Compiled Tue 17-Jul-18 16:57 by mcpre

See packets 20 & 22 in the attached file.
crs1000.pcap.zip

Matt

[bhudson33]

Matt, what version fo the JOY software are you using? Also do you have a dump of the segfault?

[mjtooley]

I am using version 3.0.0. When I did a backtrace it showed it was faulting on line 529 of nfv9.c. I will try and upload the segfault. I am not the most proficient with gdb, but it looked to me to be having an issue with the flowdata pointer. The pointer wasn’t null, and what it was pointing to in memory matched the contents of the netflow packet. So I was a bit stumped.

It works fine on the IDP and SPLT field types.

[bhudson33]

Matt,

I tried to reproduce this issue with the pcap you sent along. The problem does not occur. I checked the code from 3.0.0 versus what is there now and there isn't any difference between latest and 3.0.0. Line 529 in nfv9.c is where it is processing TLS sequence of records, lengths and times. I looked at the packet capture for packet 20 and the templates seemed to be filled out correctly with the right field IDs.

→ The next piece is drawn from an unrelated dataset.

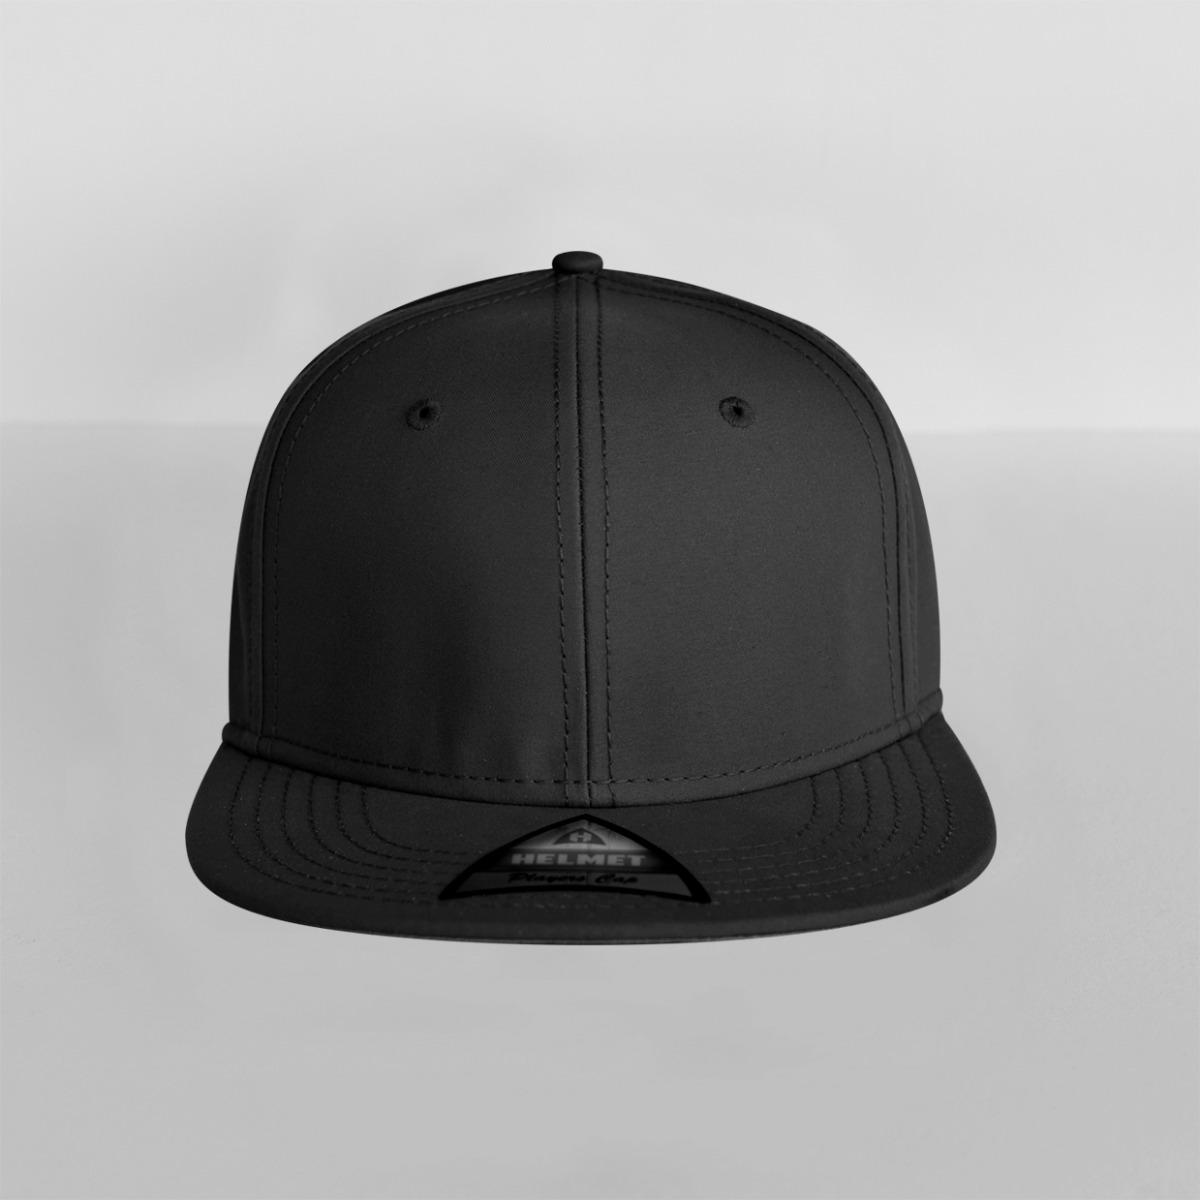 Gorra Snapback Negra Marca Helmet Para Personalizar -   199.00 en ... 1d4dabf65d3

It would be great if you could provide the stack trace dump. As an aside, there has been a fair amount of cleanup done around memory handling. It might be worthwhile moving to 4.0.1 (latest) on master and retesting.

[mjtooley]

Ok, I reproduced it with v4.0.0

This is what I did

1. git clone https://github.com/cisco/joy
2. git checkout v4.0.0
3. ./config.sh
4. /configure
5. make clean;make
6. ./bin/joy bidir=1 dist=1 classify=1 nfv9_port=4739 verbosity=2 crs1000.pcap

I have attached the core dump file as well as the pcap file. When I looked at in gdb it looked to still be crashing in the same spot. So I don’t know if I am doing something wrong or what?

coredump.zip

[tdjCisco]

Step 3 is not needed when using autotools. I need to update the readme

…

-Todd From: Matt Tooley <notifications@github.com> Reply-To: cisco/joy <reply@reply.github.com> Date: Thursday, November 15, 2018 at 4:22 PM To: cisco/joy <joy@noreply.github.com> Cc: Subscribed <subscribed@noreply.github.com> Subject: Re: [cisco/joy] Segmentation Fault on TLS data types (#208) Ok, I reproduced it with v4.0.0 This is what I did 1. git clone https://github.com/cisco/joy 2. git checkout v4.0.0 3. ./config.sh 4. /configure 5. make clean;make 6. ./bin/joy bidir=1 dist=1 classify=1 nfv9_port=4739 verbosity=2 crs1000.pcap I have attached the core dump file as well as the pcap file. When I looked at in gdb it looked to still be crashing in the same spot. So I don’t know if I am doing something wrong or what? coredump.zip<https://github.com/cisco/joy/files/2587080/coredump.zip> — You are receiving this because you are subscribed to this thread. Reply to this email directly, view it on GitHub<#208 (comment)>, or mute the thread<https://github.com/notifications/unsubscribe-auth/AlkQDDm7acshGyFLkc7EoZ6vJI-OkGrpks5uvdsGgaJpZM4YbqPr>.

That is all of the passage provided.